### [WHAT YOU ARE ASKED TO DO]
Wherever the listing holds a picture, leave it out, and copy the remainder exactly.

### [RECORDED DATA]
┌──

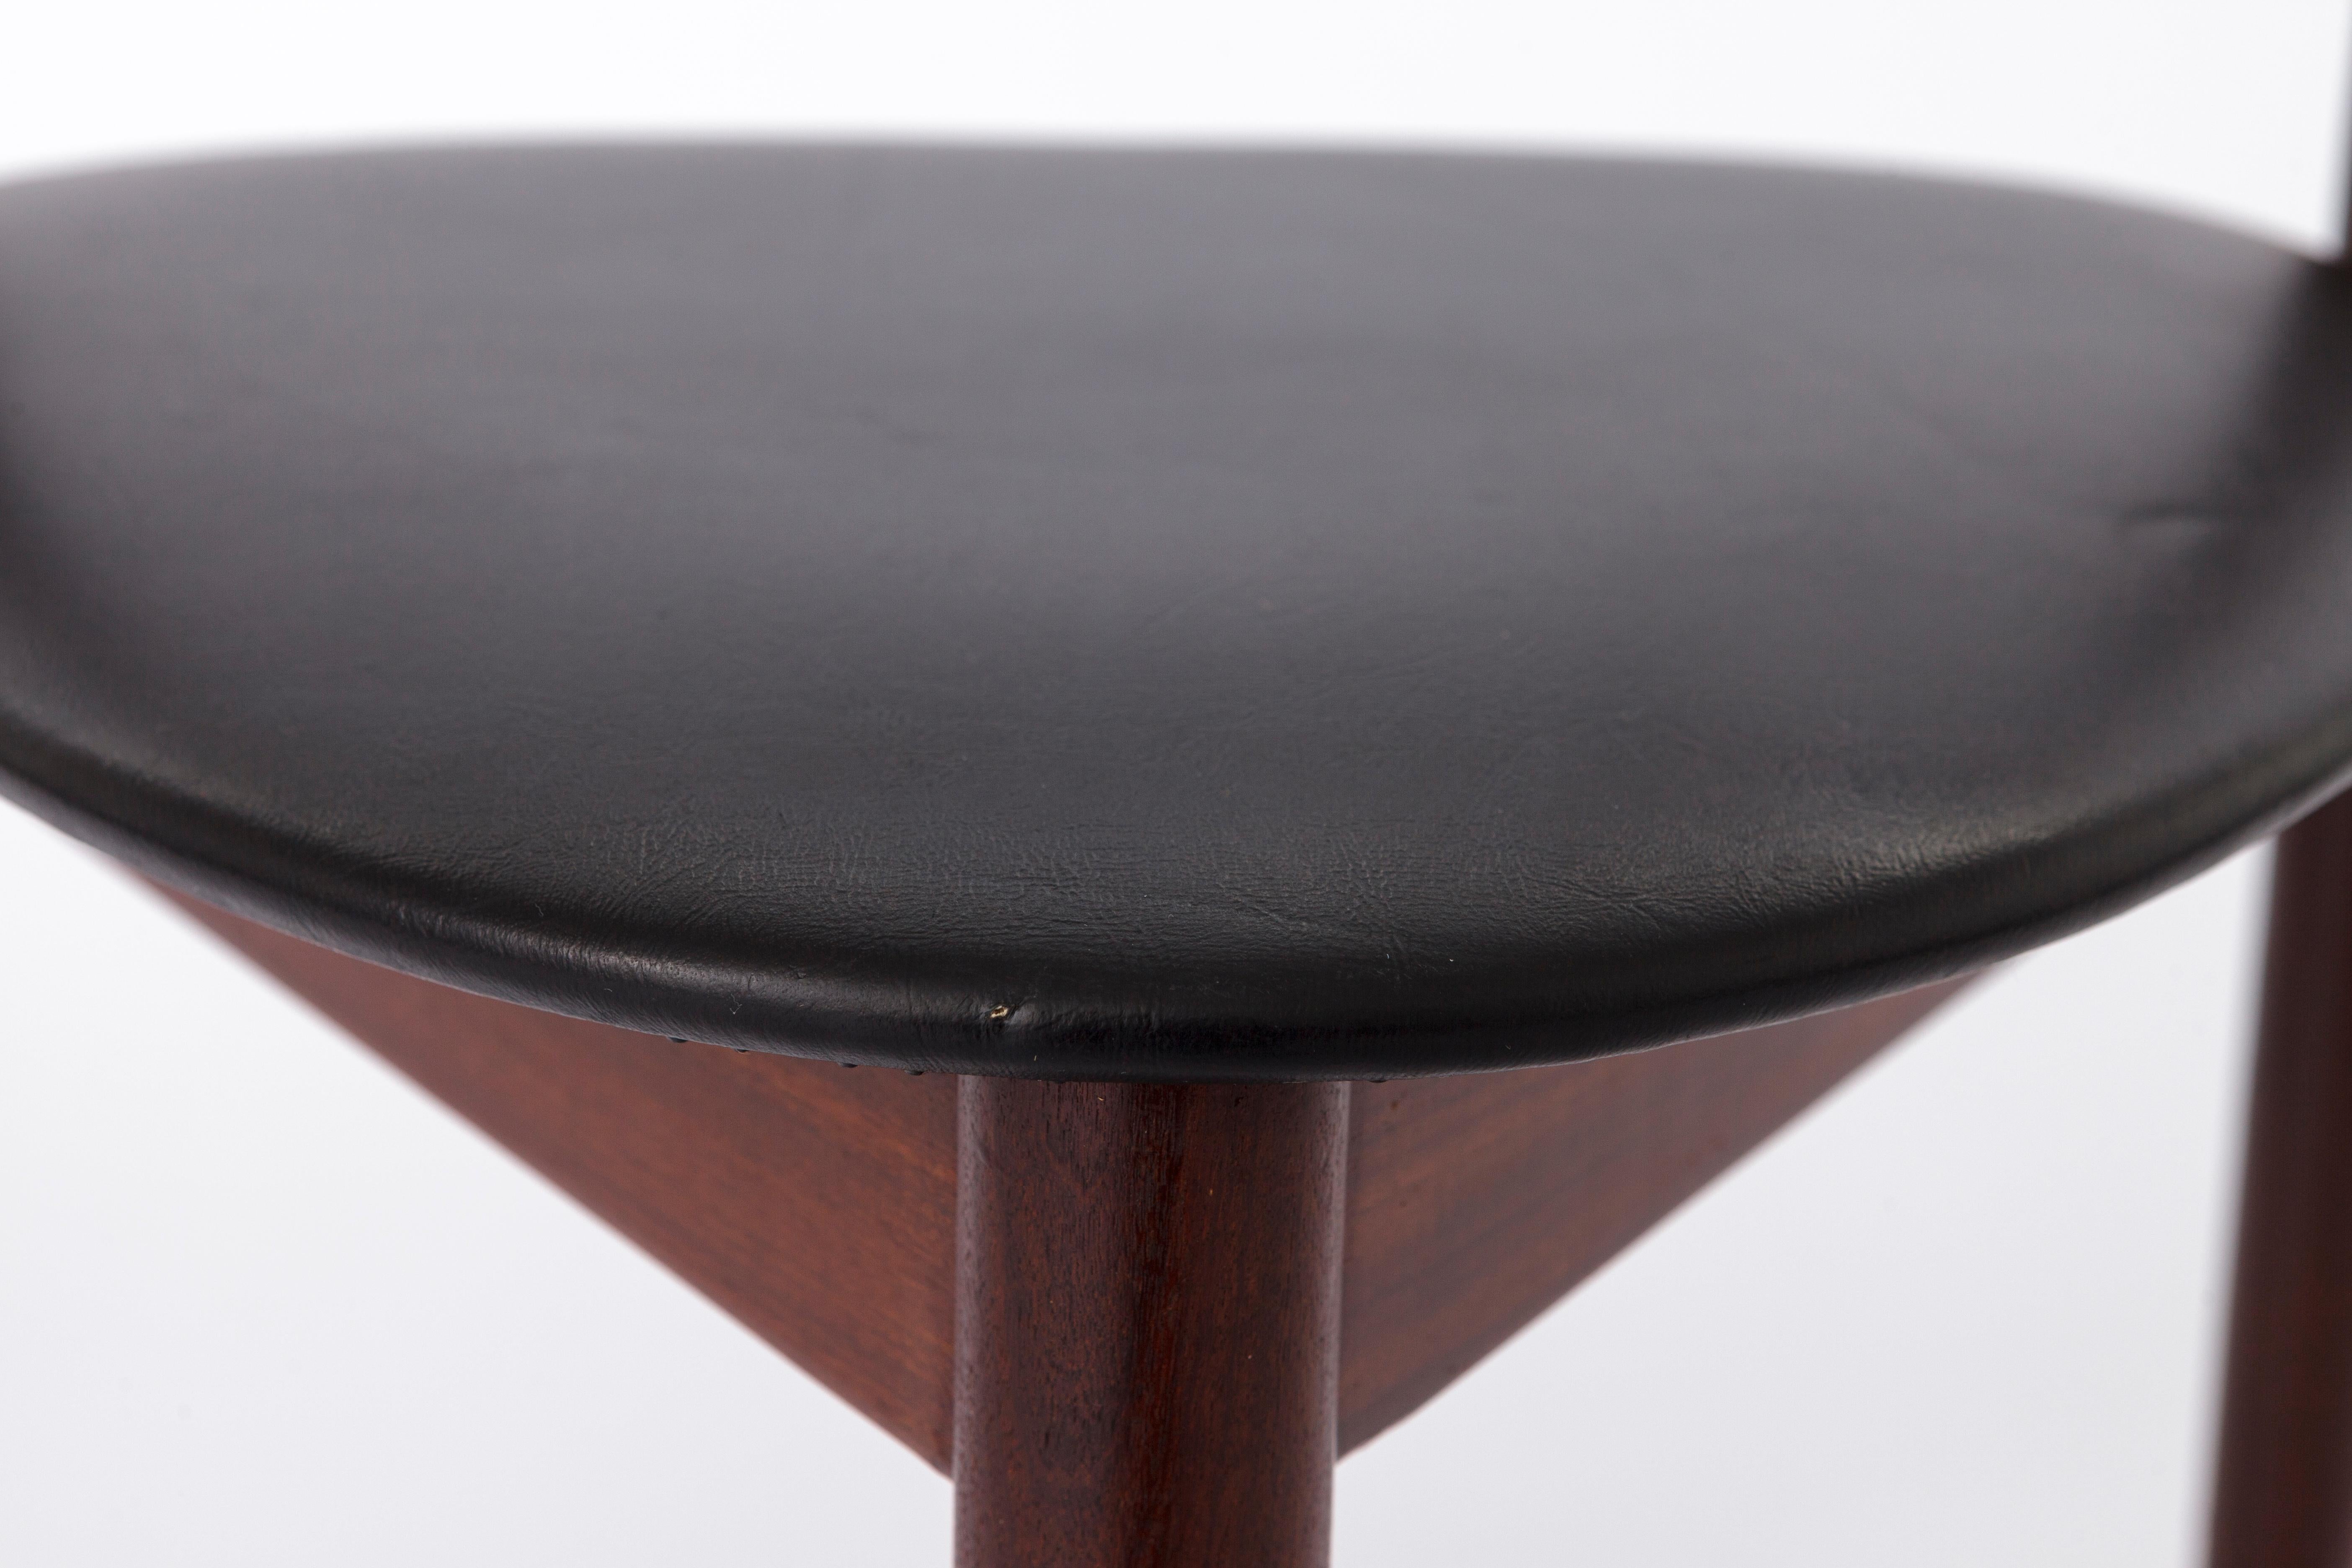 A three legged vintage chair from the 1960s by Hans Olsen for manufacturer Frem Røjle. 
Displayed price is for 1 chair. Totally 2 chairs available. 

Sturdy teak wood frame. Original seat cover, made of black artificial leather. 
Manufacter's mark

└──

### [RESPONSE AREA]
 A three legged vintage chair from the 1960s by Hans Olsen for manufacturer Frem Røjle. 
Displayed price is for 1 chair. Totally 2 chairs available. 

Sturdy teak wood frame. Original seat cover, made of black artificial leather. 
Manufacter's mark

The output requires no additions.